Electric vehicles (EVs) can include one or more cameras integrated into different areas of an EV. Each of the cameras can be directed to a different direction from the EV and cover a different view. Each of the EV cameras can record in a continuous fashion video footage of the user's trips, including off-roading trips, cross-country journeys or family vacations. A user could benefit from using the EV video footage compile some of the more memorable or most important moments or scenes of the drive into a single composite video (e.g., summarizing the trip). The user may also find it beneficial to modify or augment the EV video recordings using superimposed visual or dynamic content, such as, for example, augmented reality (AR) or virtual reality (VR) content, including animations or characters generated in accordance with the general context, background or scenery of the recorded video scenes. However, as EV cameras capture video footage of the entire drive session without interruptions, it can be challenging and time consuming, as well as computationally and resource intensive to sort through the many hours of the video footage and identify the specific video fragments to incorporate into a composed video journal of the trip. It can also be computationally and resource intensive to design and insert into relevant parts of the videos superimposed content.
Overcoming these challenges, the present technical solutions can utilize EV data providing context of the EV trip corresponding to the timing of the video footage together with artificial intelligence (AI) modeling to identify the relevant video fragments from different EV cameras to use to generate a composite video of the drive session. The technical solutions can also utilize an AI model to incorporate into the videos visual or dynamic content, such as AR or VR content, that can be generated or selected based on the context or scenery of the recorded trip. For example, the technical solutions can utilize AI models that can process scenes from the video files in the context of the timestamped contextual EV data to determine or infer the type of the trip undertaken and to select the most relevant video fragments to use for the given composite video journal of the trip. For example, the technical solutions can include an analyzer using the EV contextual data, the type of background scenery of the videos, along with a bias to reduce the rapid scene changes while identifying specific video fragments to include in the compiled video journal. A scene selector can extract selected video fragments form the videos, apply time shifting technique to automatically speed up content where applicable, overlay vehicle data on the content.

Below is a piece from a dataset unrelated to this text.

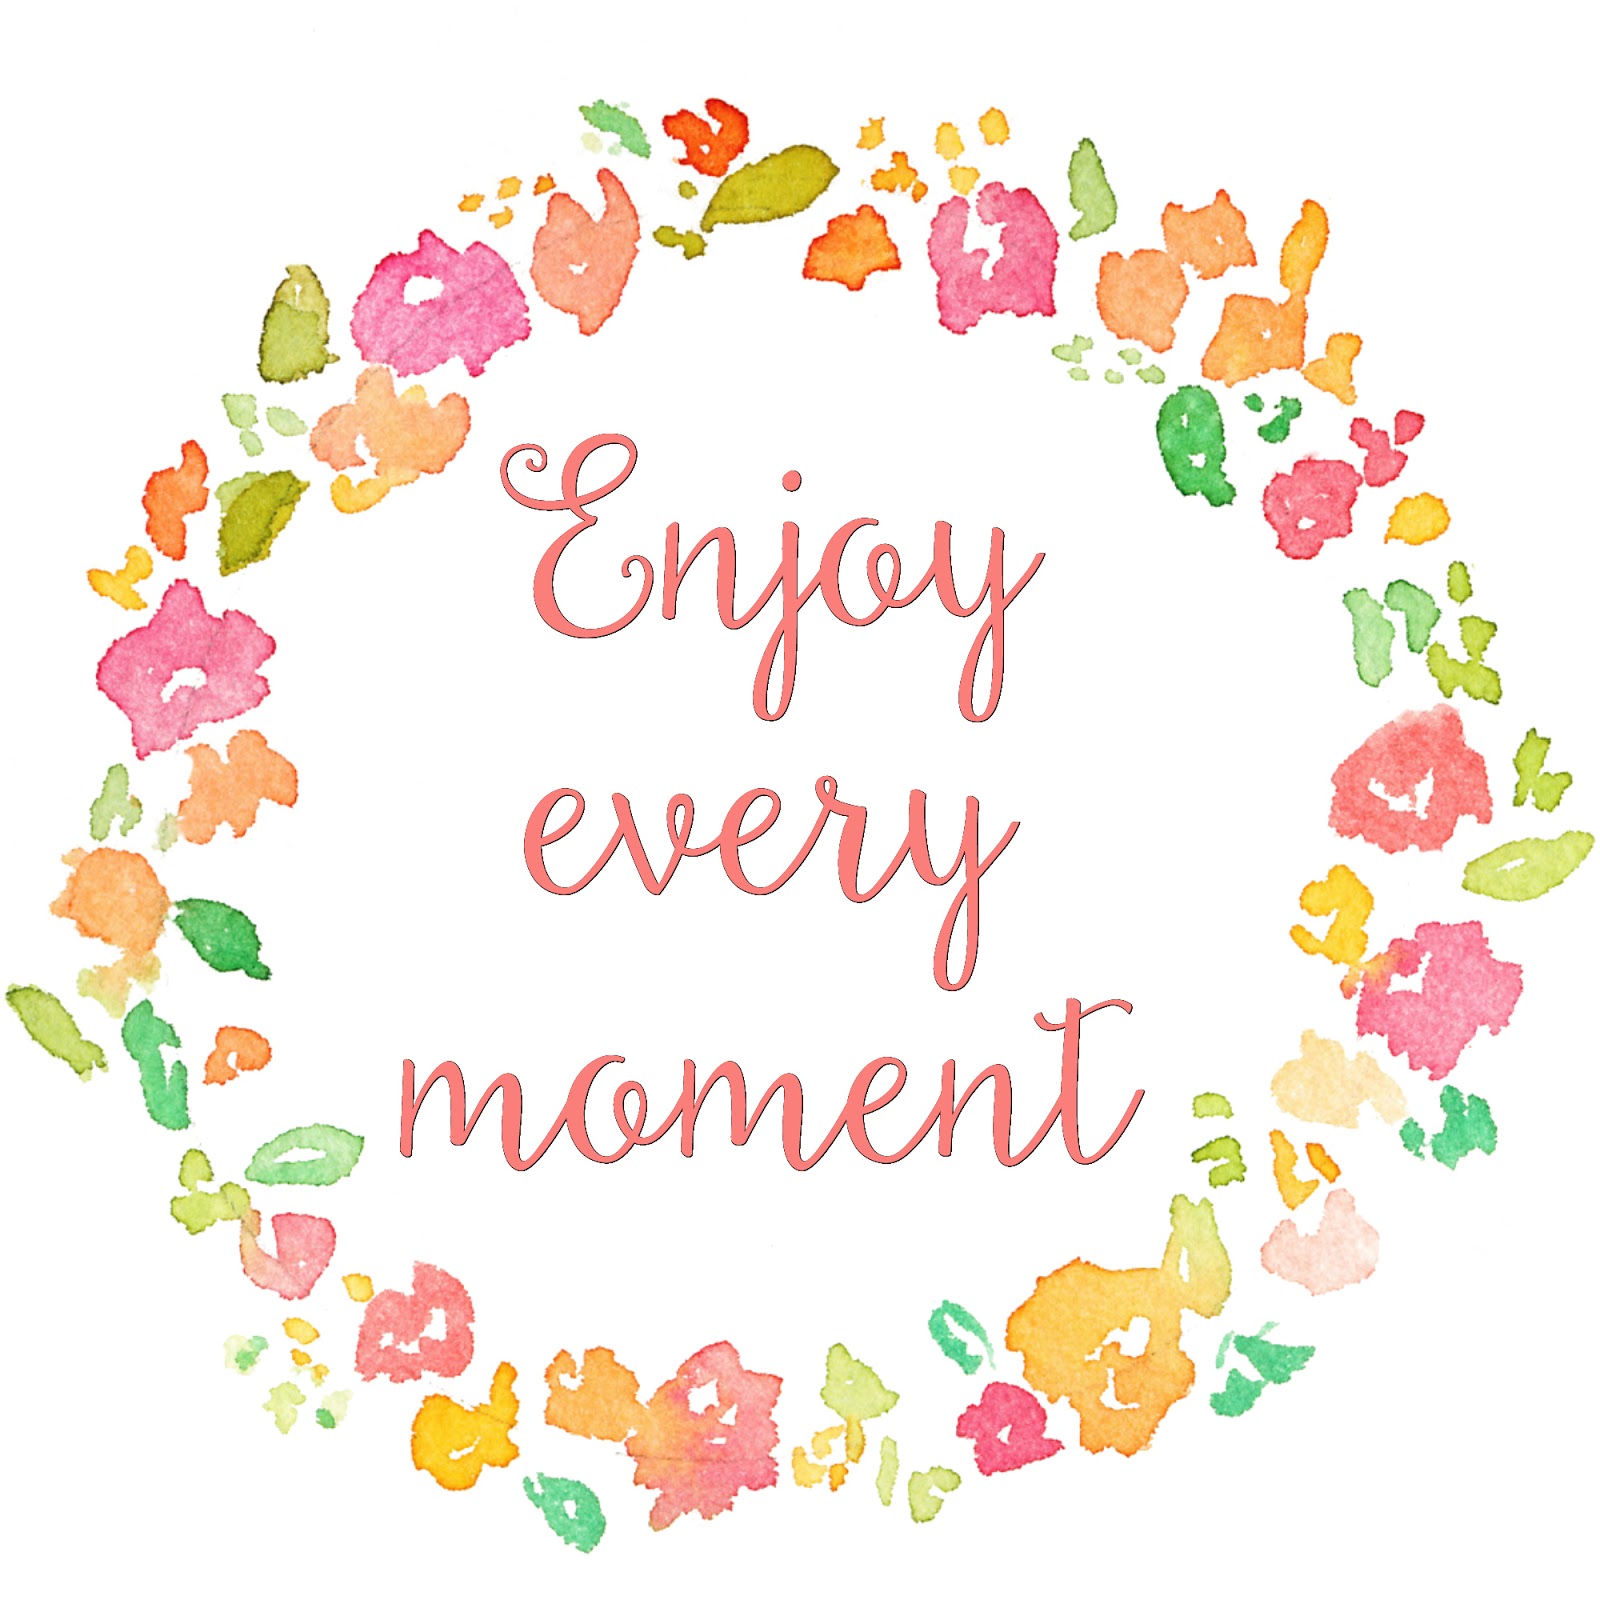 Do I really need to 'enjoy every moment'?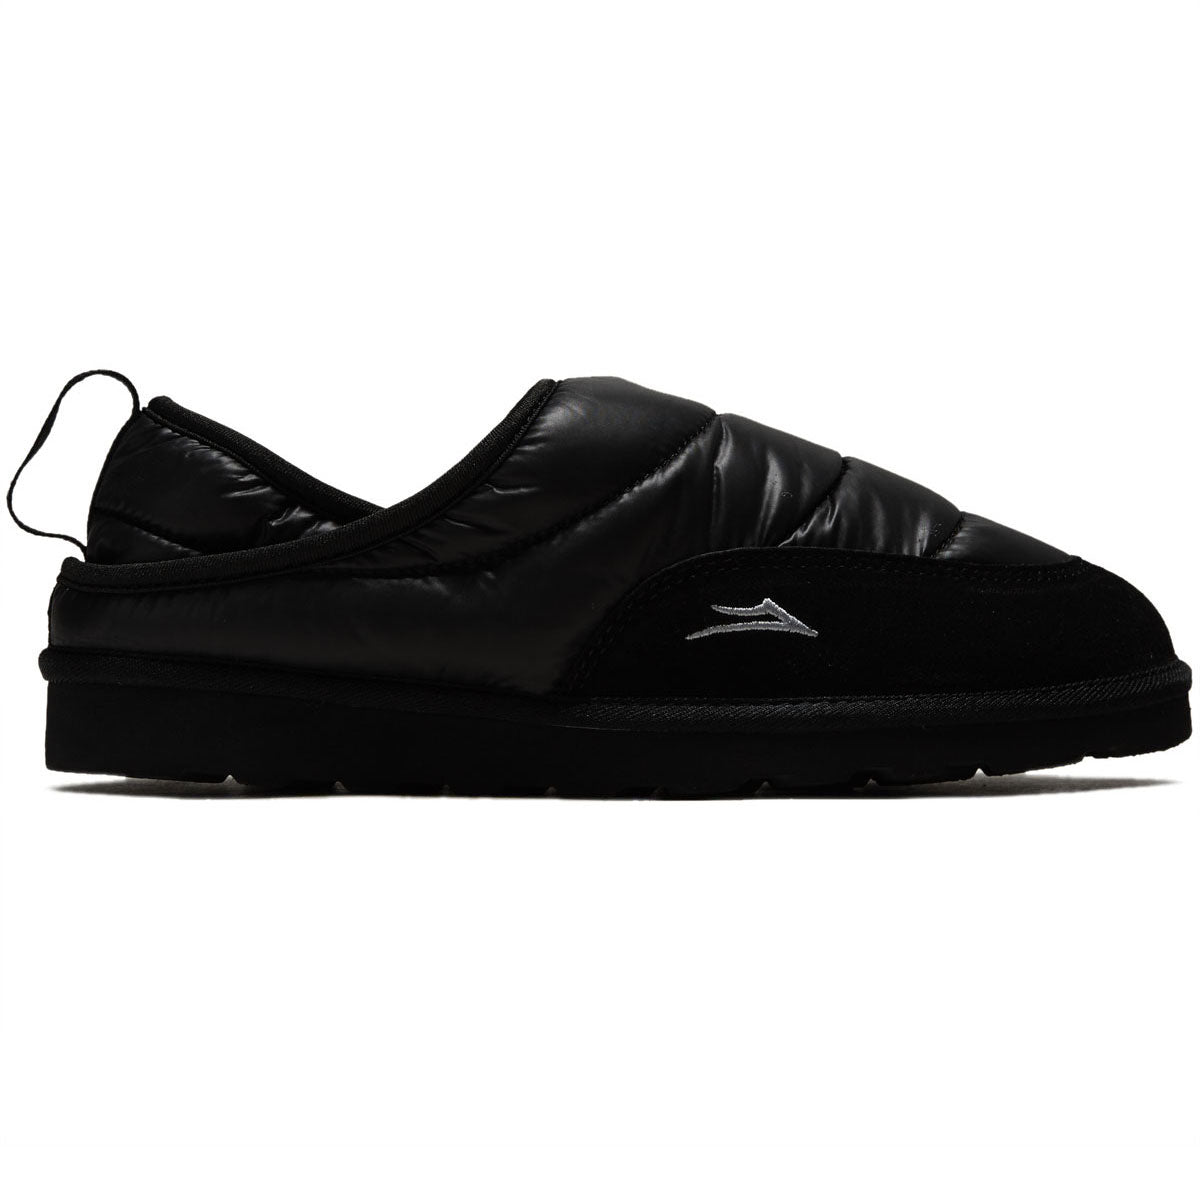 Lakai Owen Slipper Shoes - Black Nylon image 1

The technical solutions can leverage EV data and the video content to identify video fragments to protect from deletion by a storage management system seeking to delete data to create space for new video footage. The technical solutions can use a scoring system to assign and mark the level of priority or importance to various video fragments captured from the EV video cameras as they are being stored into the storage devices. As the storage devices run out of storage capacity and seek to create additional space for storing new video files, the technical solutions can utilize the priority values of the recordings and the remaining storage capacity to determine which video segments to delete, and which to keep in storage. For instance, a deletion function (e.g., a cost function for management of storage capacity) can be used to determine, based on a current remaining storage capacity and the score (e.g., of priority or importance) of each of the stored video segments, which segments to delete and which to remain stored for use in compilation of a new video file.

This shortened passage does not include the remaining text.